Successful entrepreneurship ultimately comes down to three questions:
- Are you solving a real problem?
- Do you have a superior solution?
- Can you sustainably deliver the solution?
The course series Entrepreneurship 101, 102, and 103 addresses these questions one by one.
Entrepreneurship 103 is your guide to creating a profitable business. So you’ll learn more than just entrepreneurship here. You’ll start becoming a business leader.
We’ll expose you to case studies of MIT startup companies and interviews of their founders. So you’ll learn the vital business skills of:
- Designing a business model;
- Pricing your product;
- Building a sales process;
- Measuring your cost of customer acquisition;
- Estimating the lifetime value of your customer.

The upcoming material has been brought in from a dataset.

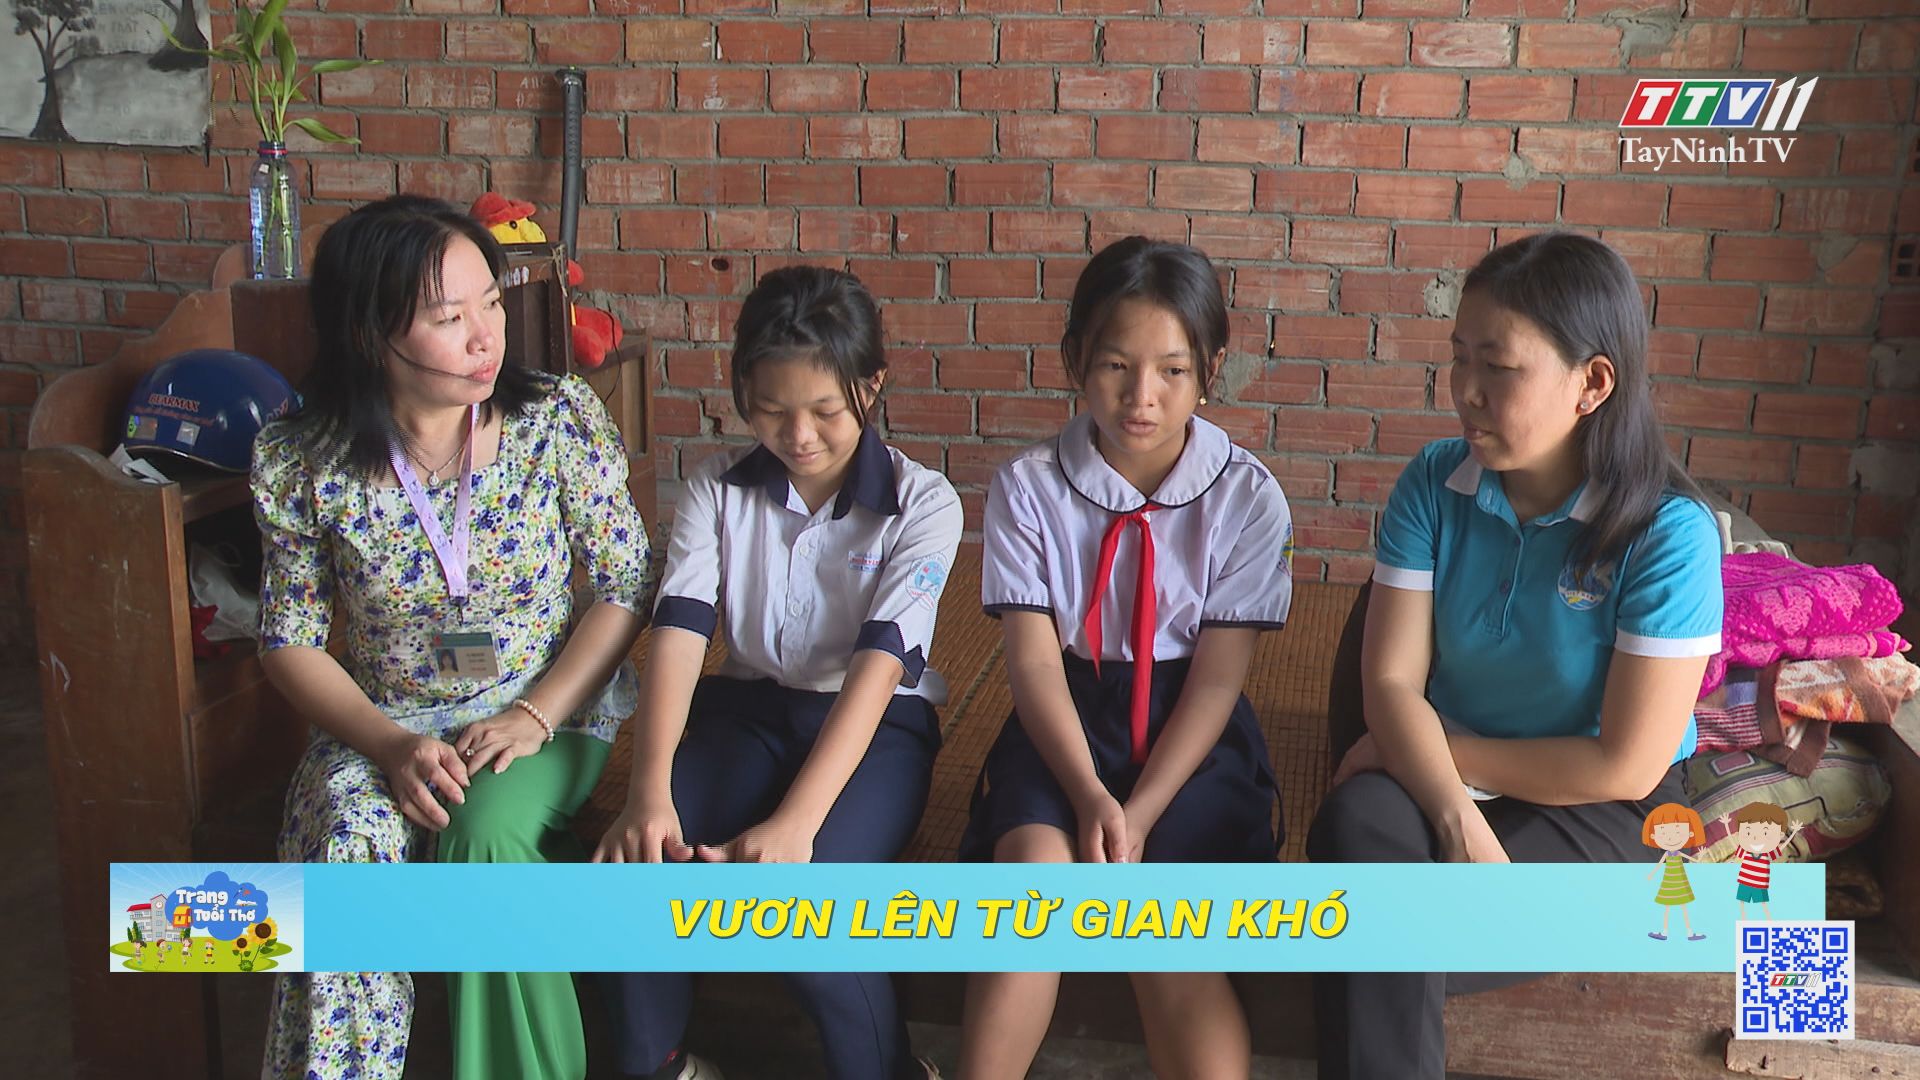 Vươn lên từ gian khó | Trang tuổi thơ | TayNinhTV

Entrepreneurship 103 should be of particular interest to you if you are:
- Creating a business-to-business (B2B) product or service;
- Building a multi-sided marketplace;
- Entering a competitive market.
This course is particularly useful for:
- Corporate entrepreneurs developing new businesses;
- Scientists and engineers commercializing new technologies;
- Creators of complex solutions that necessitate design trade-offs;
- Educators, who teach and coach entrepreneurs;
- Policymakers dedicated to strengthening innovation ecosystems
If you can, take Entrepreneurship 103 as a team, for the course will give you a common framework to make decisions, laying the foundation for your long-term success.
Give you best to this course. In return, you will gain the confidence that you can go from your first sale to a profitable business. And that’s priceless.
This course is a pre-requisite to an attend an MIT Bootcamp.
The course is taught by Bill Aulet, Managing Director of the Martin Trust Center for MIT Entrepreneurship and Erdin Beshimov, Senior Director of MIT BootCampus.